The main research challenge addressed in this work is focused on enabling configuration security automation in dynamic networks and services. In particular our objective is to support the efficient configuration and orchestration of security management operations.

The continuous growth and variety of networking significantly increases the complexity of management. It requires novel autonomic methods and techniques contributing to detection and prevention performances with respect to vulnerabilities and attacks.
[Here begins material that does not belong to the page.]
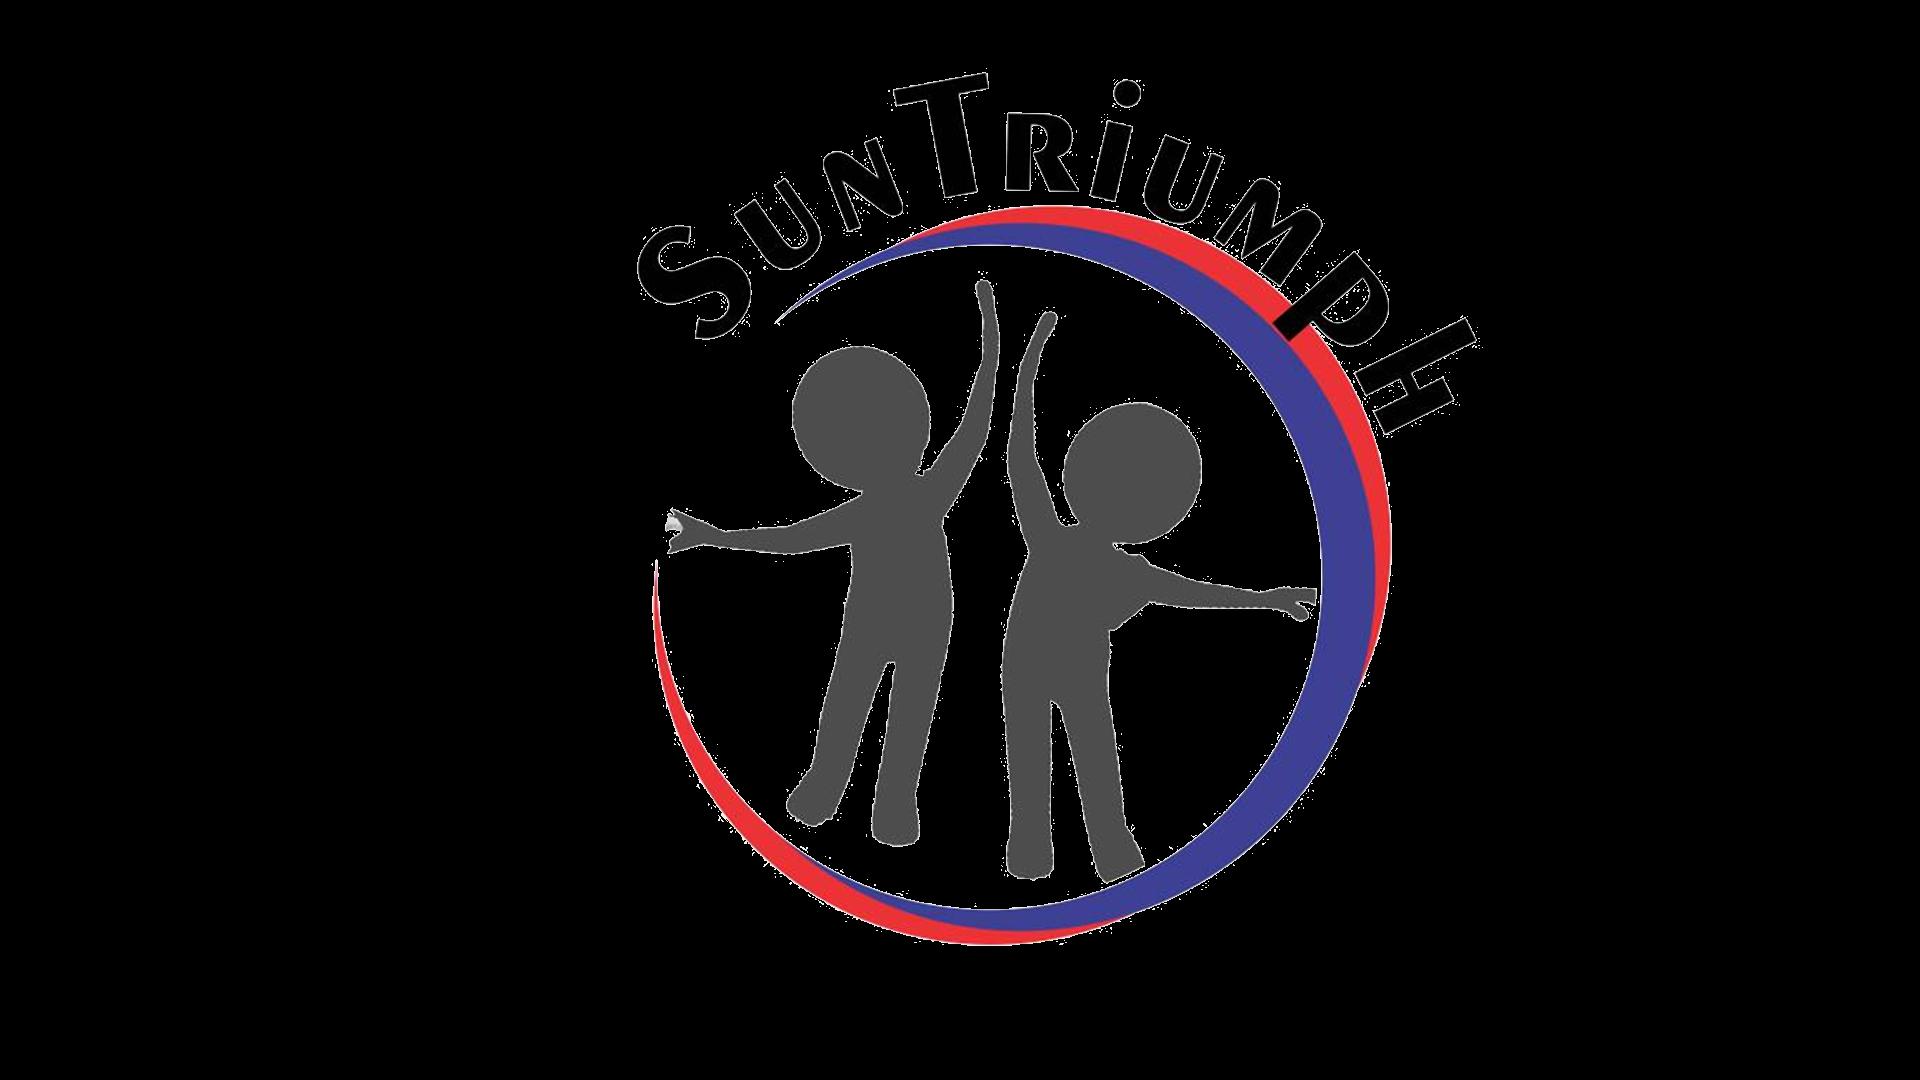 Suntriumph International Limited

We have pursued during Year 2017 the efforts on the orchestration of security functions in the context of mobile smart environments, with our joint work with Stephan Merz of the VeriDis project-team at Inria Nancy. We had already defined an automated verification technique, based on an extension of an SDN language, for checking both the control and the data planes related to security chains [24]. Complementarily, we proposed a strategy for generating SDN policies for protecting Android environments based on automata learning. Our solution collects traces of flow interactions of their applications, aggregates them in order to build finite-state models, and then infer SDN policy rules. We have designed and implemented aggregation and automata learning algorithms that allow precise and generic models of applications to be built. These models will be then used for configuring chains of security functions specified in the Pyretic language and verified with our Synaptic checker. We have developed a prototype of our solution implementing these algorithms, and evaluated its performances through a series of experiments based on the backend process miners Synoptic and Invarimint, in addition to our own algorithm. The experiments showed the benefits and limits of these methods in terms of simplicity, precision, genericity and expressivity, while varying the level of aggregation of the input flow traces.
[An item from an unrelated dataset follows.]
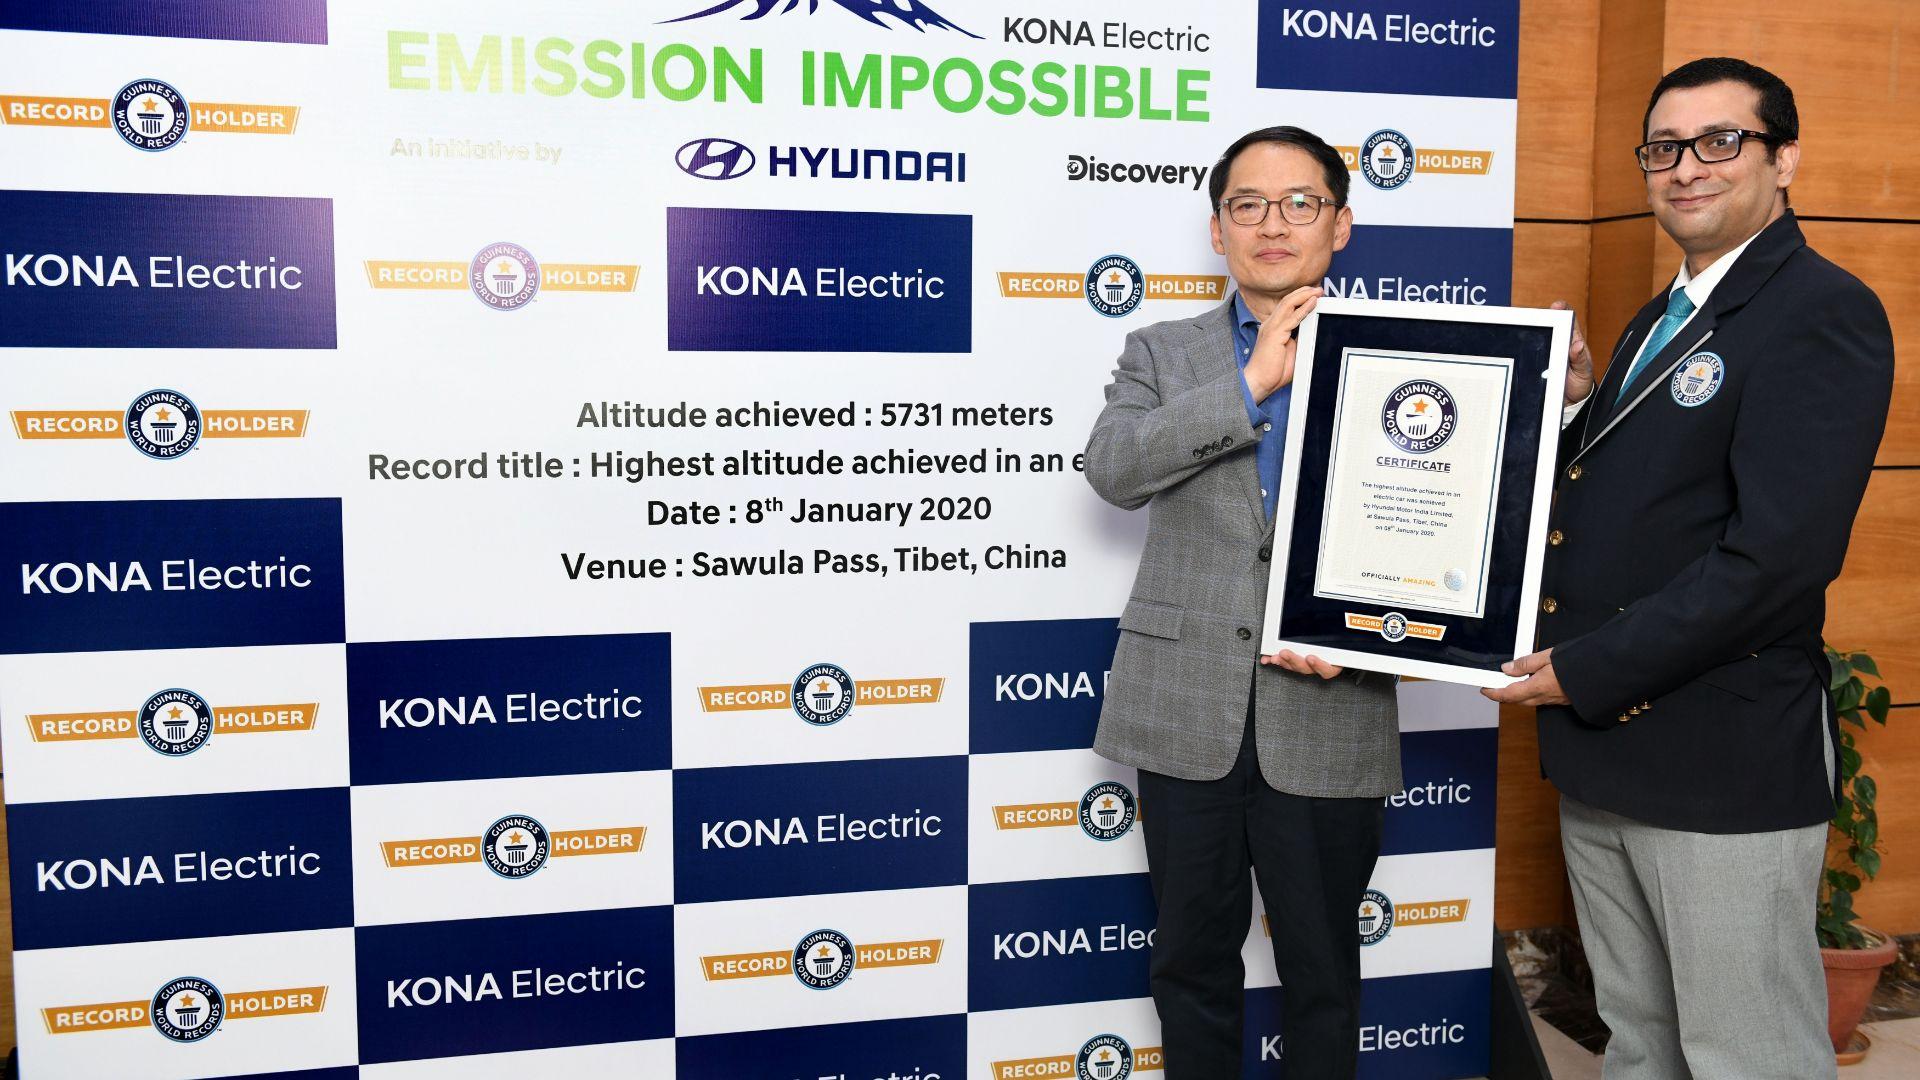 Hyundai Kona EV altitude record

In addition, we have worked on our software-defined security framework, for enabling the enforcement of security policies in distributed cloud environments. This framework relies on the autonomic paradigm to dynamically configure and adjust these mechanisms to distributed cloud constraints, and exploit the software-defined logic to express and propagate security policies to the considered cloud resources [13]. In particular, we have investigated during Year 2017 the exploitability of unikernels to support our framework. Unikernels permit to build highly-constrained configurations limited to the strict necessary with a time-limited validity. We take benefits of their properties to reduce the attack exposure of cloud resources. We have formalized and integrated into our software-defined security framework, on-the-fly generation mechanisms of unikernel images that cope with security policy requirements. In that context, security mechanisms are directly integrated to the unikernel images at building time. A proof of concept prototype based on MirageOS was developed and the performance of such a software-based security strategy was evaluated through extensive series of experiments. We have also compared them to other regular virtualization solutions. Our results show that the costs induced by security mechanisms integration are relatively limited, and unikernels are well suited to minimize risk exposure.